▶ **Work instruction**
Produce a word-for-word copy of the data that follows, excluding images.

▶ **Supplied information**
_ _ _ _ _ _ _
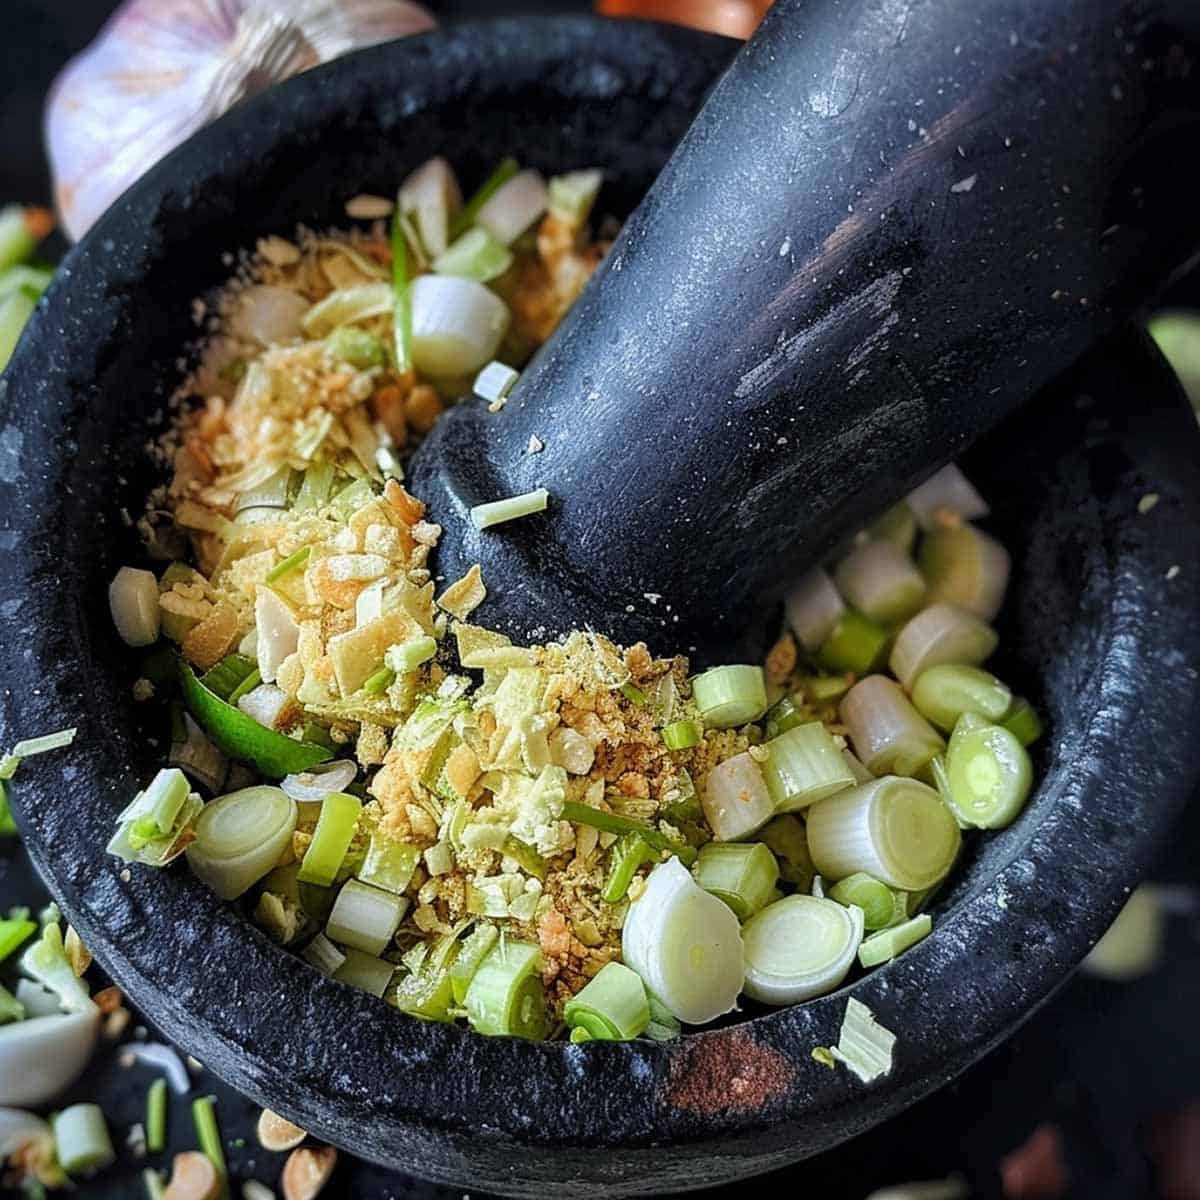 Garlic, shallots, lemongrass, galangal, and kaffir lime zest being ground with mortar and pestle to make chili paste
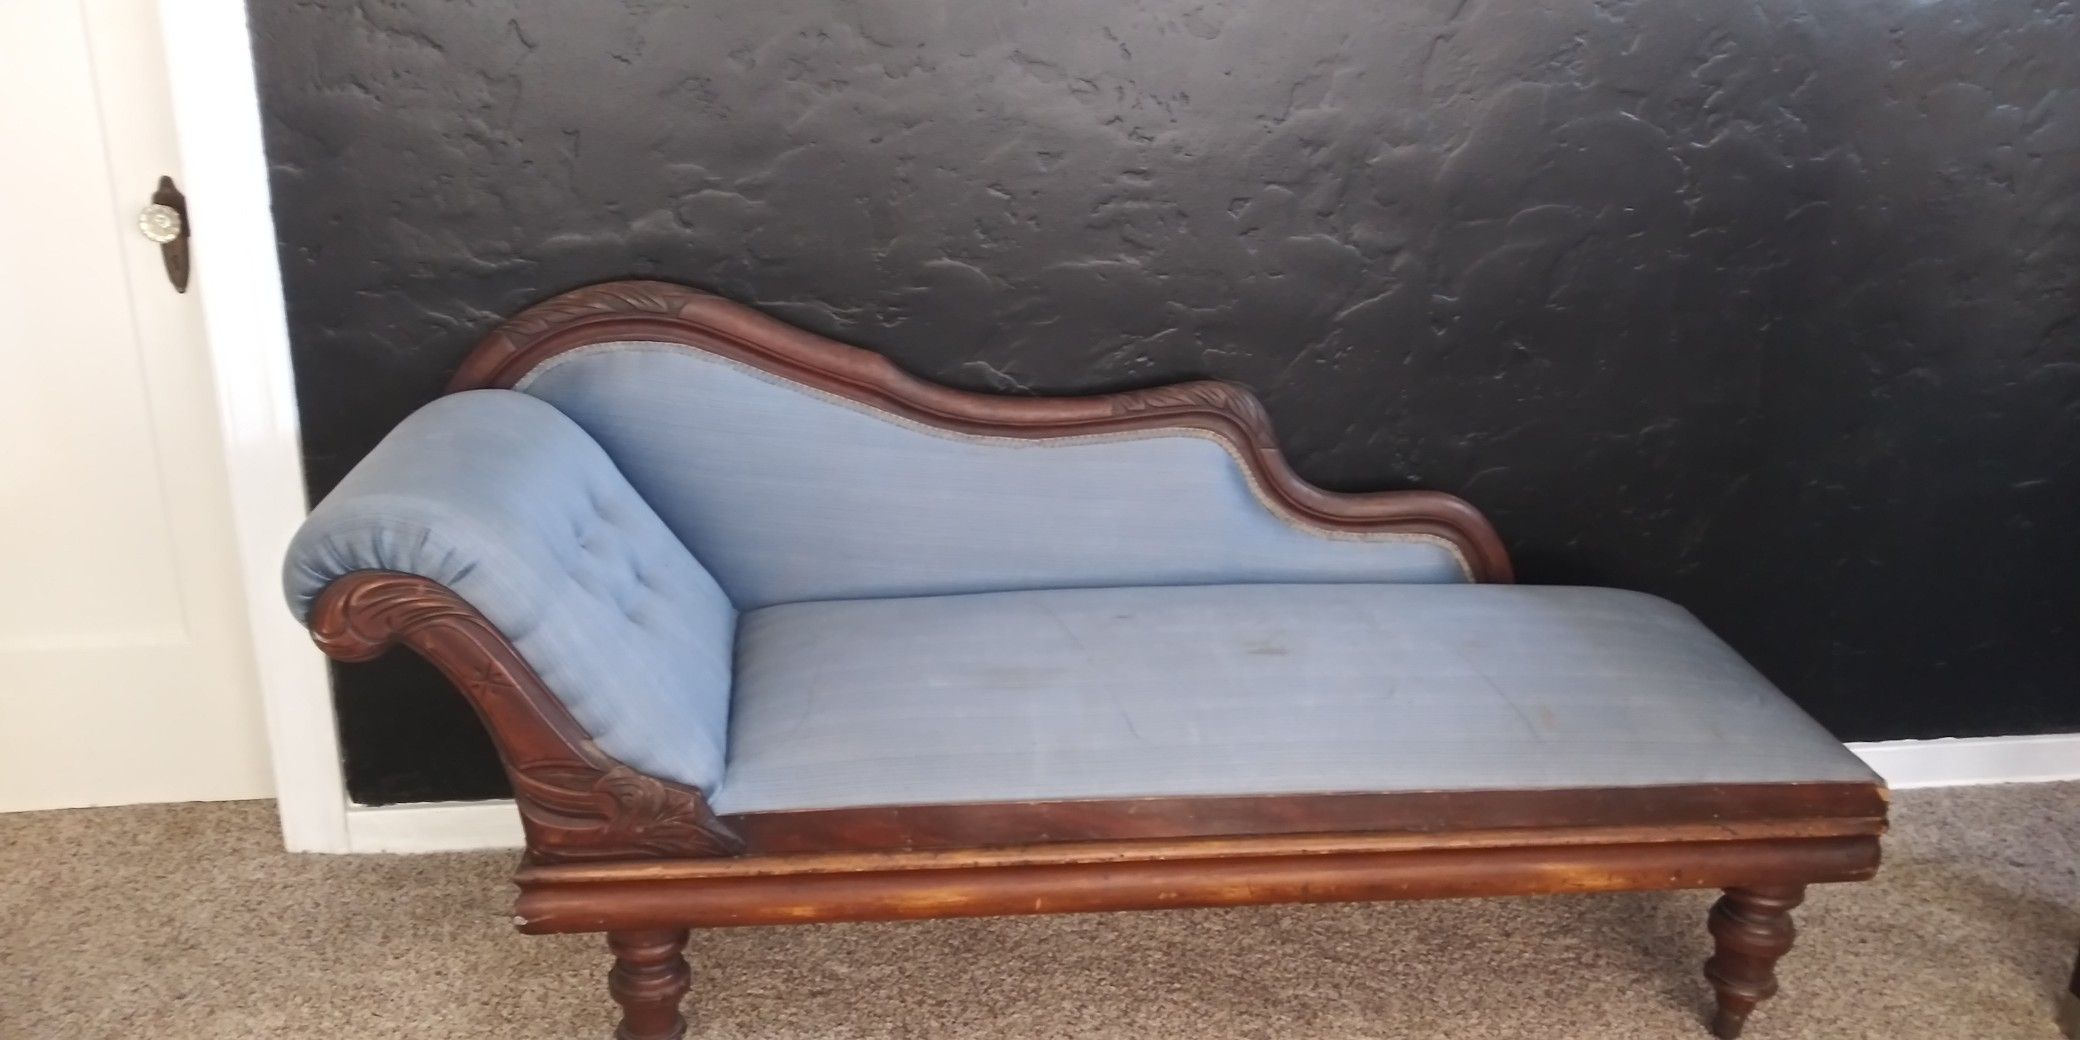 1940s Fainting couch
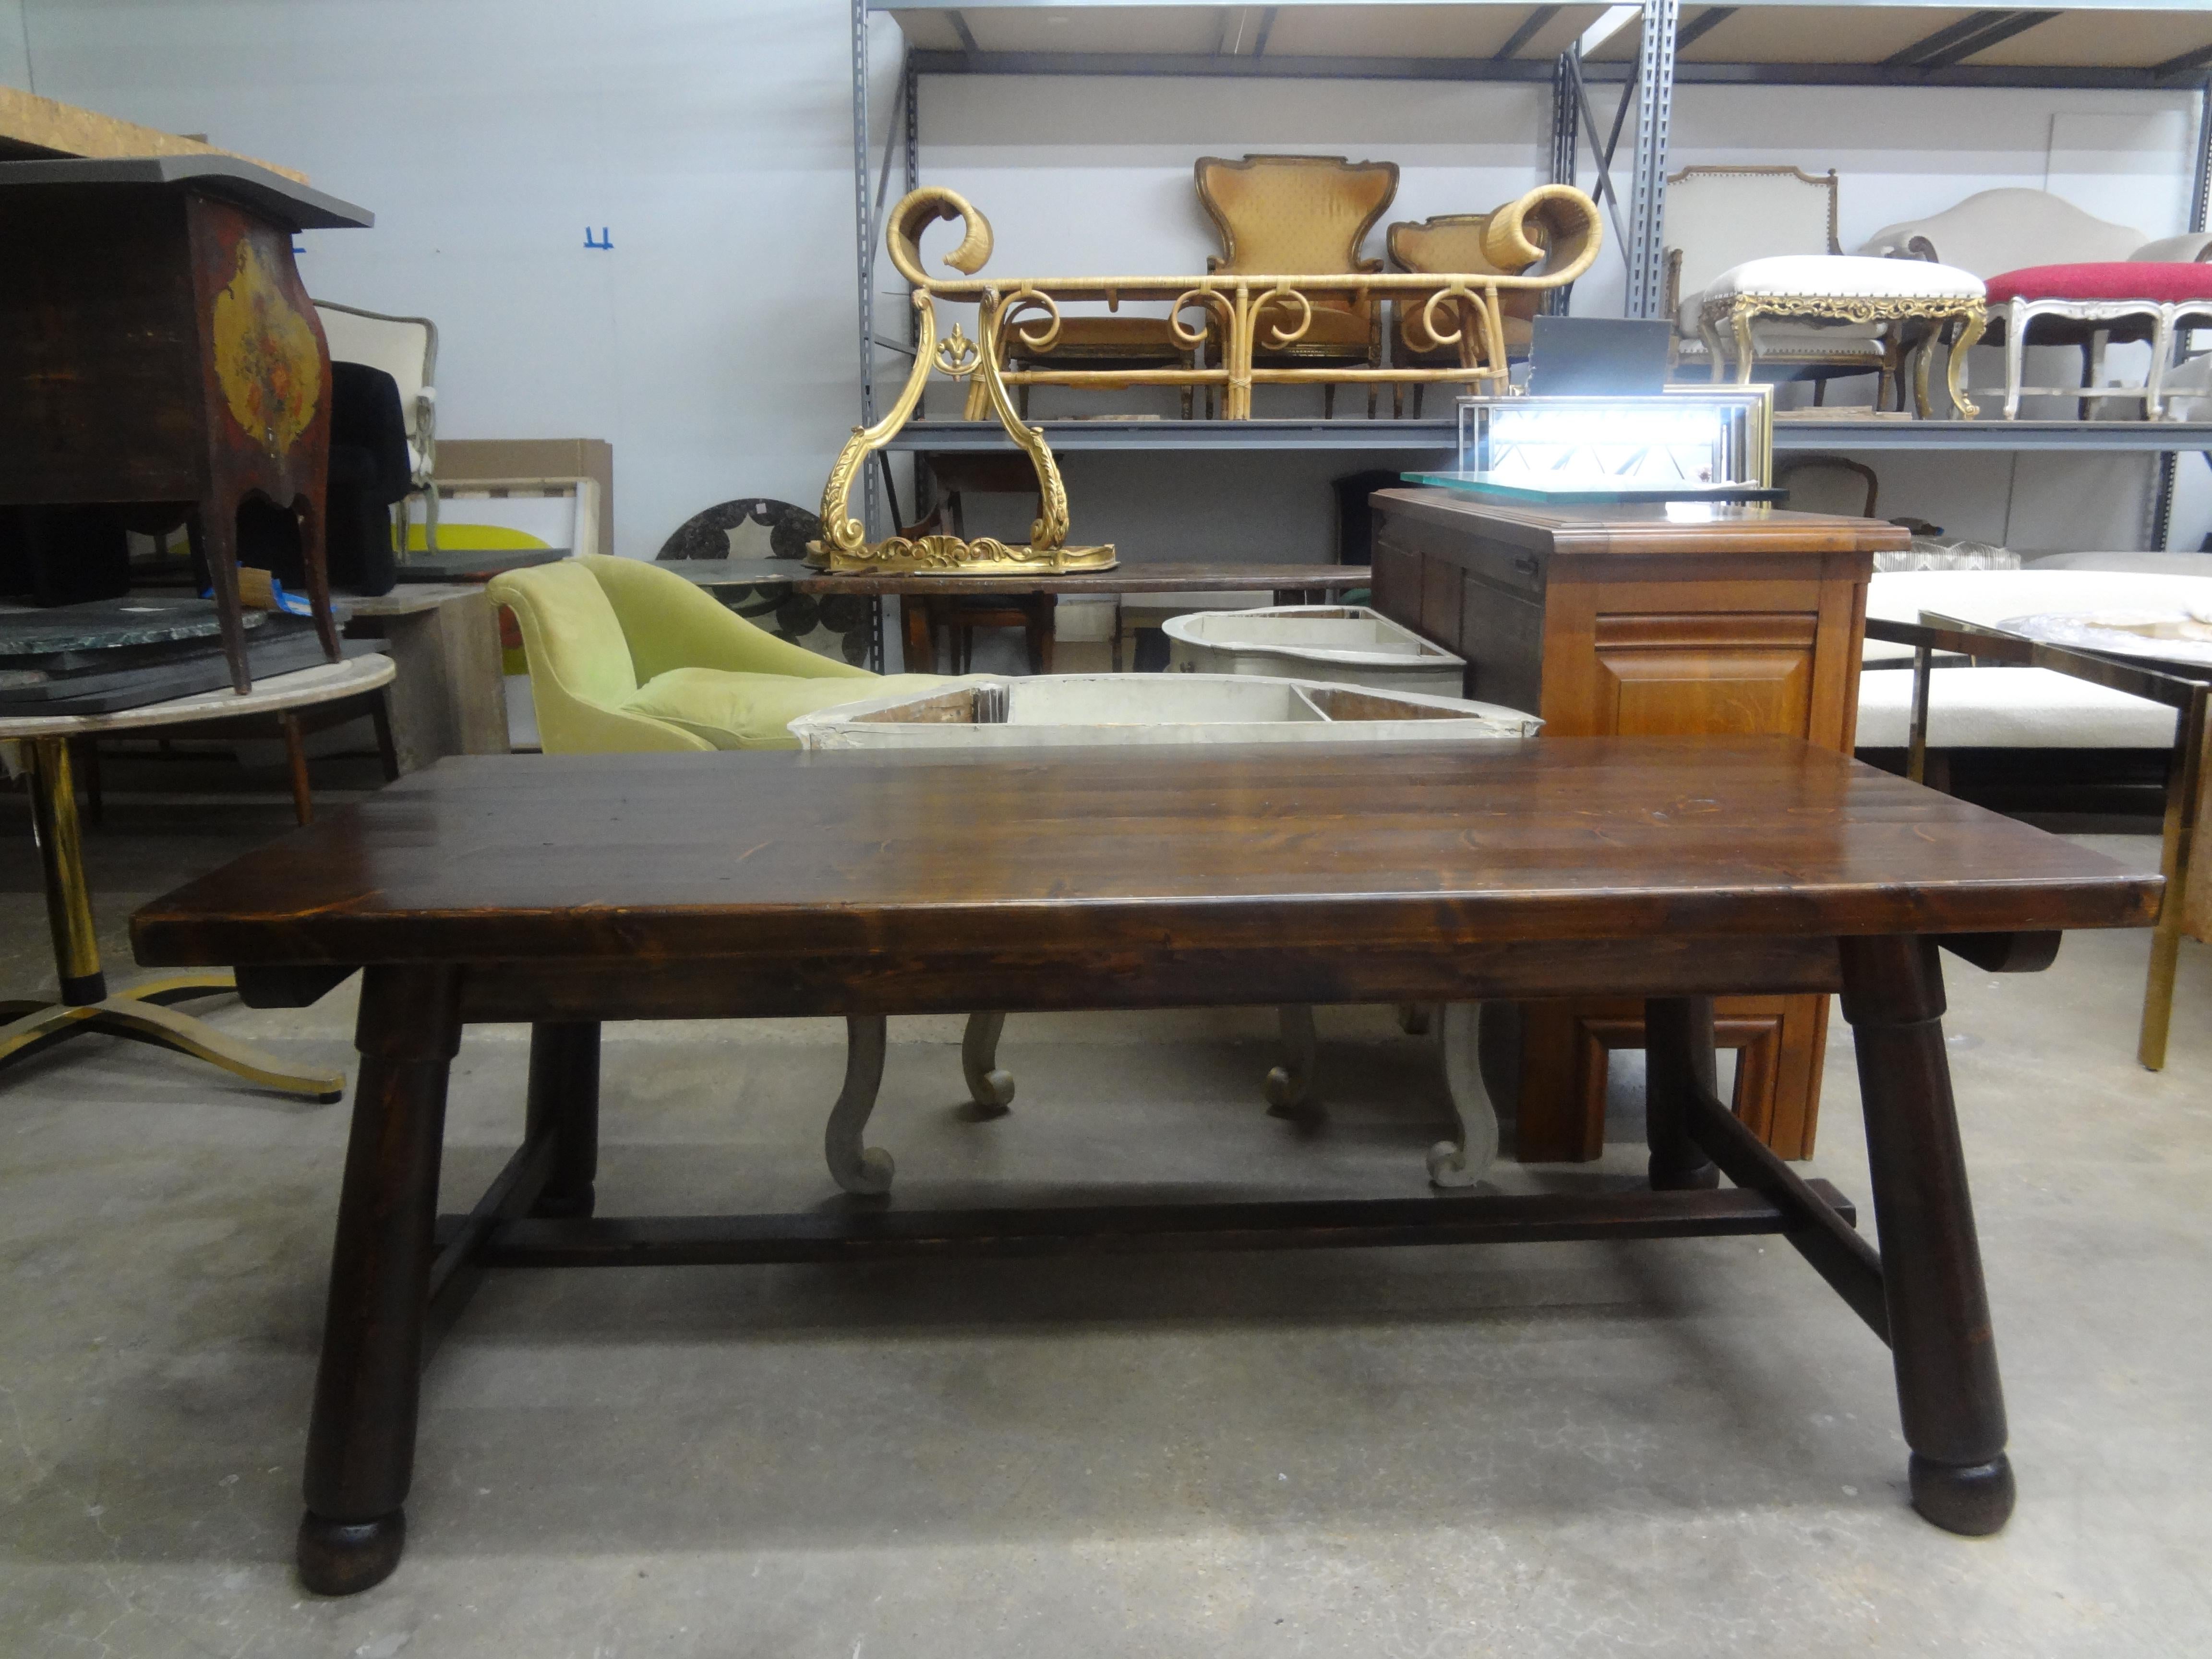 French Brutalist Dining Table By Georges Robert.
Our handsome French Brutalist table, dining table, library table or trestle table is constructed of solid pine and features a stretcher, conical legs terminating in ball feet and a rich patina.
_ _ _ _ _ _ _
▶ **Finished exercise**
 Garlic, shallots, lemongrass, galangal, and kaffir lime zest being ground with mortar and pestle to make chili paste
 1940s Fainting couch
 French Brutalist Dining Table By Georges Robert.
Our handsome French Brutalist table, dining table, library table or trestle table is constructed of solid pine and features a stretcher, conical legs terminating in ball feet and a rich patina.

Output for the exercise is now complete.